Celebrity
About the project
Status: archive
Project team: Mark Algee-Hewitt, Erik Fredner, Charlotte Lindemann, J.D. Porter;
Start date: May 1, 2019
End date: Jul 29, 2021
Last updated: Jul 29, 2021
Presentation on the Celebrity collaboration with the Smithsonian Museum of American History
May 18, 2020
Presentations on “Star Texts” and “Celebrity”
May 22, 2019
This project, a partnership between the Stanford Literary Lab and the Smithsonian’s National Museum of American History, sought to explore the intersections of fame, identity, and materiality over the past 250 years of American culture. We applied text mining-based methods of the Digital Humanities— including Named Entity Recognition, Natural Language Processing, and supervised modeling— to a massive digitized corpus of American newspapers and periodicals that comprise the literary history of celebrity.

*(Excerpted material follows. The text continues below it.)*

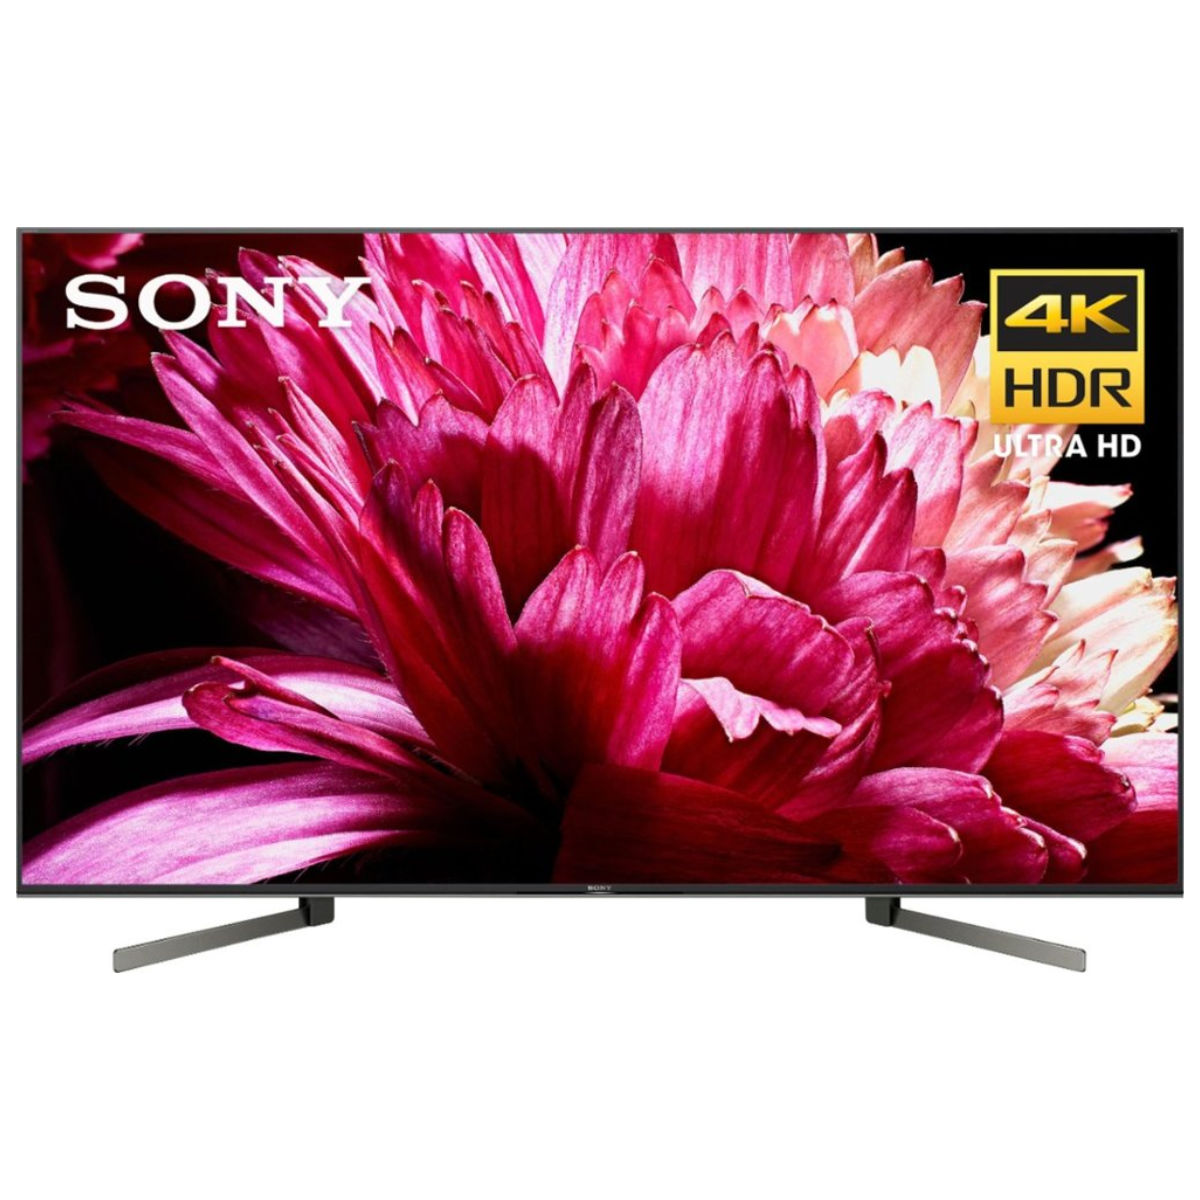 Sony XBR65X950G 65-Inch 4K Ultra Smart HDTV

This collaboration with the Smithsonian aimed to be the most comprehensive study of American cultural celebrity to date, in terms of both archival materials and historical scope: the work reveals a new, multiple history of fame in America by focusing on the changing ways that fame was embodied on different geographic scales (nationally, regionally, and locally), within different communities (political communities, underrepresented racial or ethnic communities, or language communities), and across time (1740-present).